Work instructions => Below are some records. Print exactly the lines between the one holding "Das Galaxy Note" and the one holding "Sealy optimum mattress", inclusive, and nothing else.

Input for this task =>

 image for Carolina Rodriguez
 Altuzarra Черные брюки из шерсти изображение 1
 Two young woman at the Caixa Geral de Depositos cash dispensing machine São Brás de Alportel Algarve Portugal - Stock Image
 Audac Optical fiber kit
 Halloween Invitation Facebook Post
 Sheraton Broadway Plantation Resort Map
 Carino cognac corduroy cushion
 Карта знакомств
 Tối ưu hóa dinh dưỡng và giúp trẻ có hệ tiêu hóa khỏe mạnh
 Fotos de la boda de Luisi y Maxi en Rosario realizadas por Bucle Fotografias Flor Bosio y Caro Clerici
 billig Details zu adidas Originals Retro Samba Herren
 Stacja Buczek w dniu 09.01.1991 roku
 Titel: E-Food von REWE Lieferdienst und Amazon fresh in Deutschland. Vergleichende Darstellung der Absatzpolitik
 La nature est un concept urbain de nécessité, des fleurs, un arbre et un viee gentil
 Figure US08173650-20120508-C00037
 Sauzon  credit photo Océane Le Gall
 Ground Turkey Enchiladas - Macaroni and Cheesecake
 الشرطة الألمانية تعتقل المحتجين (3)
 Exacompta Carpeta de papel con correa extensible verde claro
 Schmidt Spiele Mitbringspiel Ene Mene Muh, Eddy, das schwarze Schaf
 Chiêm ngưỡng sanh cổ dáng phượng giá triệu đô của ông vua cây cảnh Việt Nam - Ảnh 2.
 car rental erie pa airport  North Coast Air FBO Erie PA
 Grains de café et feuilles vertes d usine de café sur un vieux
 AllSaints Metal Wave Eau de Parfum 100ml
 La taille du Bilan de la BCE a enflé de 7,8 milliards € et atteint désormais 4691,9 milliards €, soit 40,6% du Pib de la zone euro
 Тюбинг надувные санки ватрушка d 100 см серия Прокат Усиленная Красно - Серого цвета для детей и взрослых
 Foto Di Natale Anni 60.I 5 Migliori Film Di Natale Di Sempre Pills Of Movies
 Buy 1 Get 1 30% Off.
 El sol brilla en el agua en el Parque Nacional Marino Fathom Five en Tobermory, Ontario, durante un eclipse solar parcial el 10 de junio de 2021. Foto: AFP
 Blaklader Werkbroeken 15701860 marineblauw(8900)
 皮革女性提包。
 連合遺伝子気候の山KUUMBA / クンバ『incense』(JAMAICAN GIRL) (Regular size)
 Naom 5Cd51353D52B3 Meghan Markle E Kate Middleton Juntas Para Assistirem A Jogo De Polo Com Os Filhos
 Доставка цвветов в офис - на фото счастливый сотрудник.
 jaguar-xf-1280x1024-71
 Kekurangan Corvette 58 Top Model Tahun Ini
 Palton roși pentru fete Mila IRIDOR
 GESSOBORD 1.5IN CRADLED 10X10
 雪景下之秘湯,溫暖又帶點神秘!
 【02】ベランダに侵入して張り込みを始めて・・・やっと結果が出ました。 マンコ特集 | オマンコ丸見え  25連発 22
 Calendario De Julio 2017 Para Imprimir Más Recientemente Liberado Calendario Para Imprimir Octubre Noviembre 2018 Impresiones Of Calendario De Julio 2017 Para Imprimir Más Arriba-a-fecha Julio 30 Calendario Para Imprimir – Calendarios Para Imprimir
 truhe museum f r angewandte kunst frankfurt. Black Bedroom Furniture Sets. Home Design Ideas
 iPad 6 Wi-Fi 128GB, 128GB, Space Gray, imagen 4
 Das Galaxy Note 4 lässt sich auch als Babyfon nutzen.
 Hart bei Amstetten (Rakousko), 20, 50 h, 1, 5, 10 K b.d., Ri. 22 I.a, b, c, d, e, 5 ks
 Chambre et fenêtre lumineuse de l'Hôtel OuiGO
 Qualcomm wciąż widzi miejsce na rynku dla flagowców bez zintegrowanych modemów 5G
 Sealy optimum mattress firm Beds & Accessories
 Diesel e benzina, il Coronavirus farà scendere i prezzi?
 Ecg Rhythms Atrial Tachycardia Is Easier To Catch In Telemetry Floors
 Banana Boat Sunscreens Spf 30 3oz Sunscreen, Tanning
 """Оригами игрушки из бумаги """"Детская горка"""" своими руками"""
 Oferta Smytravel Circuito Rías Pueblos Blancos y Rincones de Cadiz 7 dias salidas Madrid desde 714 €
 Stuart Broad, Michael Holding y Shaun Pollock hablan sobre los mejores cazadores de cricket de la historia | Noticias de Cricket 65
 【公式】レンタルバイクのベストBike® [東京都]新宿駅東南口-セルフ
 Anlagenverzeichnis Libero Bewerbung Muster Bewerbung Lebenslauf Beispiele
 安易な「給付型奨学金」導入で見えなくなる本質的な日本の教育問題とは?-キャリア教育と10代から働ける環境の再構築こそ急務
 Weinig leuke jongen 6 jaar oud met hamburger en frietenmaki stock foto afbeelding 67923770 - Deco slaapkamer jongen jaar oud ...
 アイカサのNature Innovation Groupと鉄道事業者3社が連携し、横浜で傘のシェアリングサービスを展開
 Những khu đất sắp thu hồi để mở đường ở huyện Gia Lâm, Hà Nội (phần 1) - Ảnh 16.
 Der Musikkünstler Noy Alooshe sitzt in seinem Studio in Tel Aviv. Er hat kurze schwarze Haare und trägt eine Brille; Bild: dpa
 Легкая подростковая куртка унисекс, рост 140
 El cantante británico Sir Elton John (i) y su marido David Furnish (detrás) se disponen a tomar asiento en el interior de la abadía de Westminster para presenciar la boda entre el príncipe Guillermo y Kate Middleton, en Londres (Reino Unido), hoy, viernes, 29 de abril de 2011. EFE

Output below =>
 Das Galaxy Note 4 lässt sich auch als Babyfon nutzen.
 Hart bei Amstetten (Rakousko), 20, 50 h, 1, 5, 10 K b.d., Ri. 22 I.a, b, c, d, e, 5 ks
 Chambre et fenêtre lumineuse de l'Hôtel OuiGO
 Qualcomm wciąż widzi miejsce na rynku dla flagowców bez zintegrowanych modemów 5G
 Sealy optimum mattress firm Beds & Accessories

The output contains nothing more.